There are 10 key principles that must be adhered to with pinpoint accuracy in assembly and manufacturing so that wire bonding maintains high reliability. Some are interrelated. However, as standalones, each one is critical.

Check out our blog appearing in IoT Agenda for more details.

In the meantime, here’s the rundown on half dozen of those major principles.

  • First and foremost, metallization is extremely important. This means creating a bond between the substrate on the PCB and the die. If the surfaces aren’t clean and oxidized, the strength of the wire bond is highly questionable.
  • Different nuances are associated with gold, aluminum, copper, and silver wiring. There must be assurances from wire bonding and PCB assembly experts that using a certain type of wire is compatible with a given application.
  • Flip chips or chip scale packaging (CSP) must be mounted properly on the board for wire bonding to work and be securely attached before wire bonding starts. If not, the created joint will not be reliable. When pull strength testing is applied to the wire bonded joint, the wire will come off.
  • Virtually all wire bonding requires a fixture to lay the substrate flat. Knowledge and expertise are critical here for precisely creating those fixtures for ultra-fine devices to be wire bonded. Tolerances must be extremely tight to properly hold the substrate before it gets wire bonded.
  • An experienced programmer is required to deal with an array of wire bonding variables. That programmer must also be savvy enough to perform wire bonding accurately, calculate and verify bonding strengths, bond integrity, and bond placement before doing the actual bonds.
  • Get assurances the EMS Provider knows to perform plasma cleaning using argon gas to clean substrates, as needed. The surface of those substrates must be 100 percent defect and oxidation free for perfect wire bonding.
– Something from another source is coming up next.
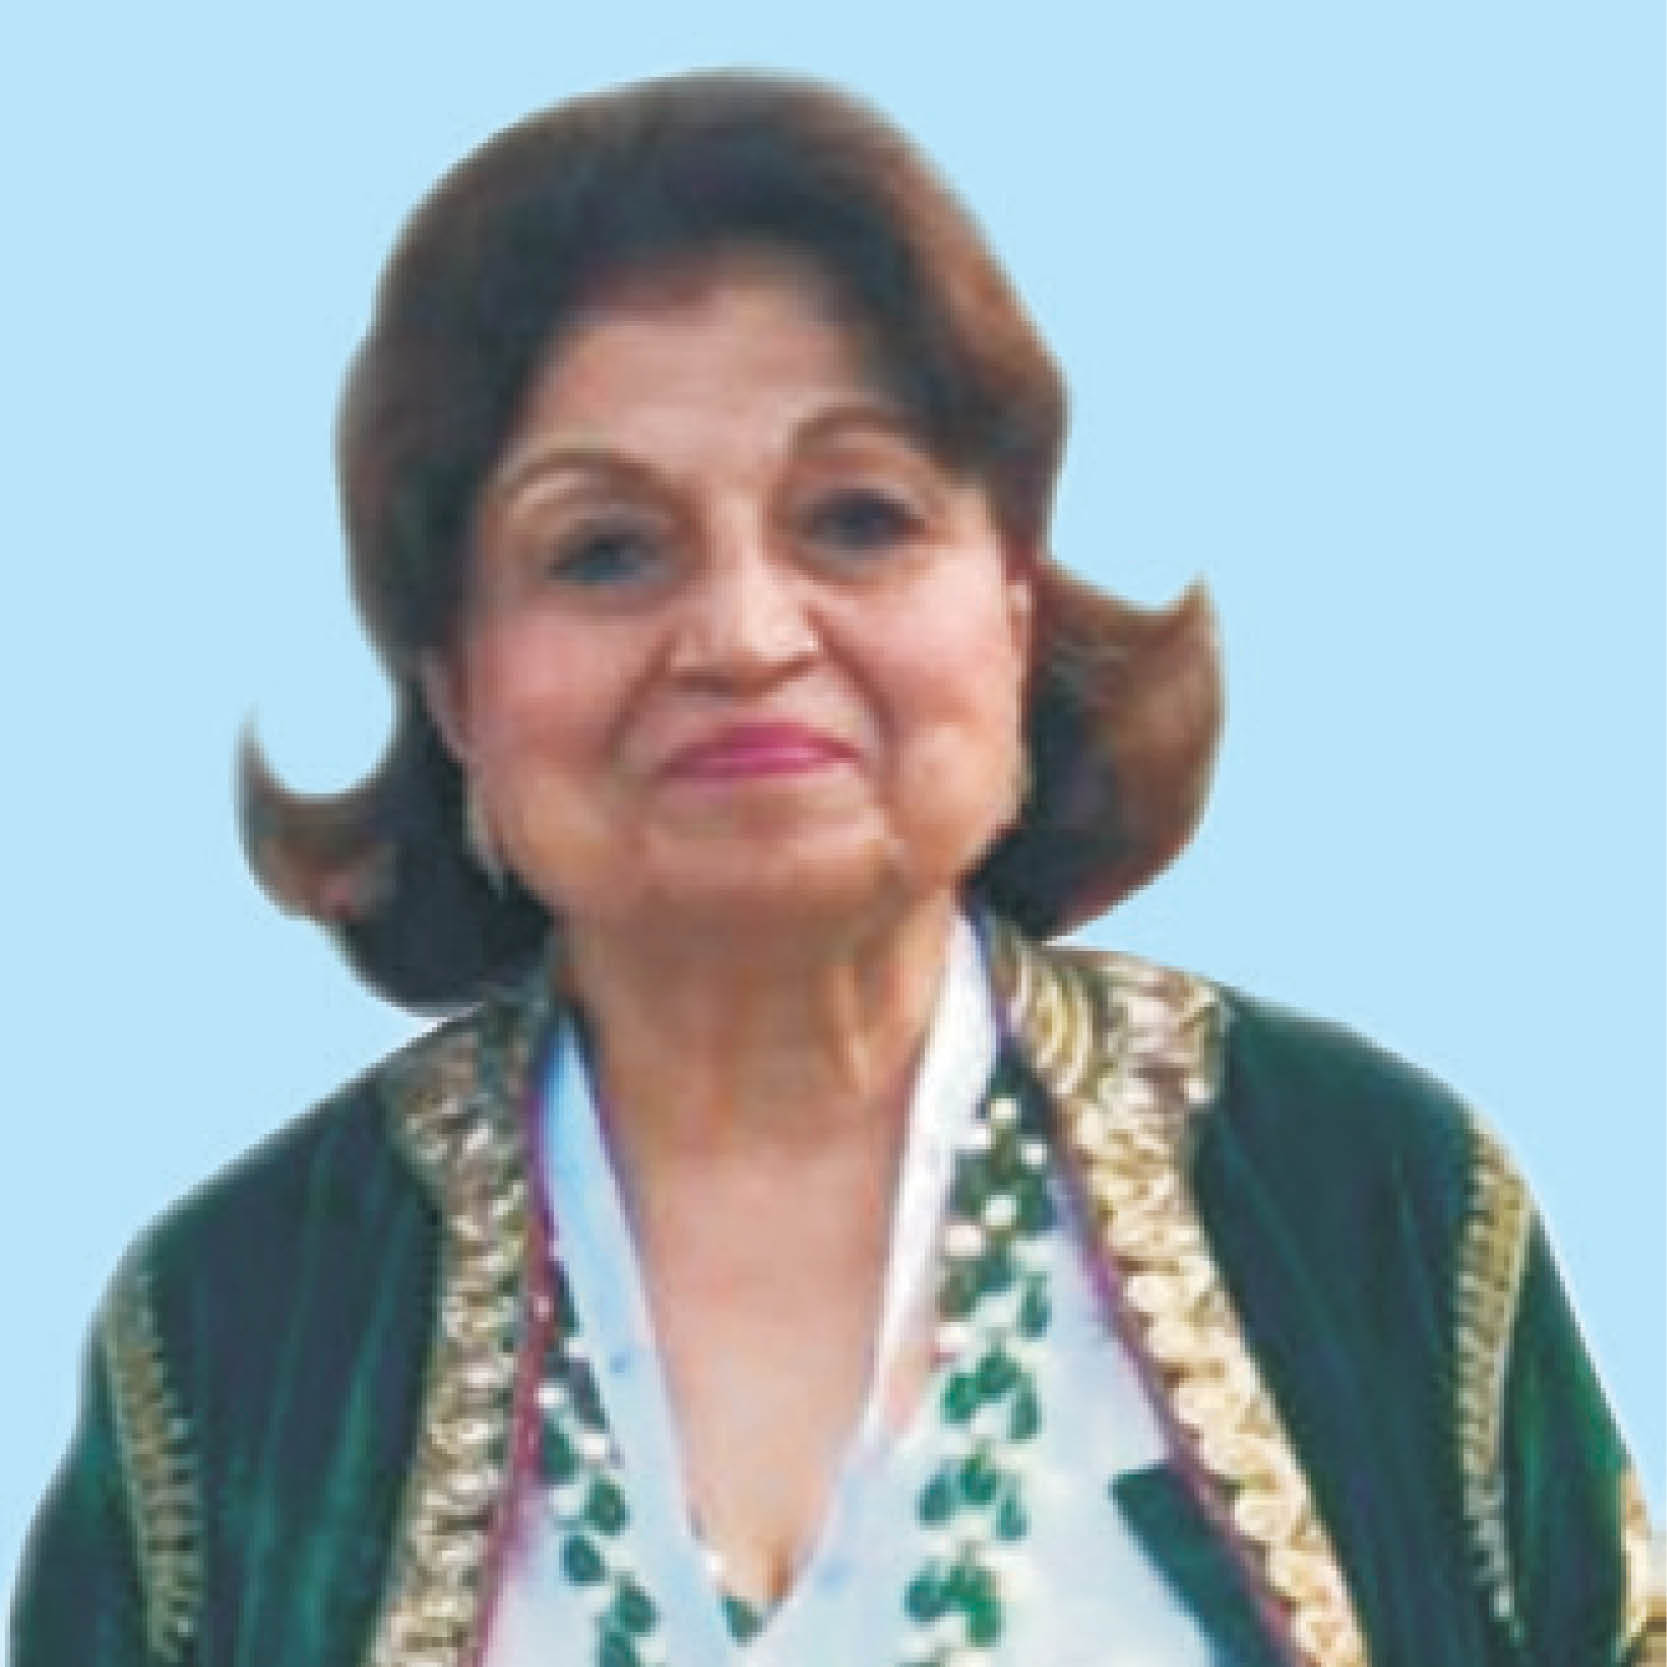 Author Rashmi Jolly

Wire bonding has two categories, wedge and ball bonding, each distinctively different. Each requires separate and different sets of systems and temperatures for wire bonding operations. For wedge bonding, either aluminum or gold are typically used. For ball bonding, gold wiring is typically used. Wedge and ball bonding also differ in the way the wire bond is made on the chip side. The bond is made resembling a gold ball, while the end of the wire is in a wedge-shape for wedge bonding.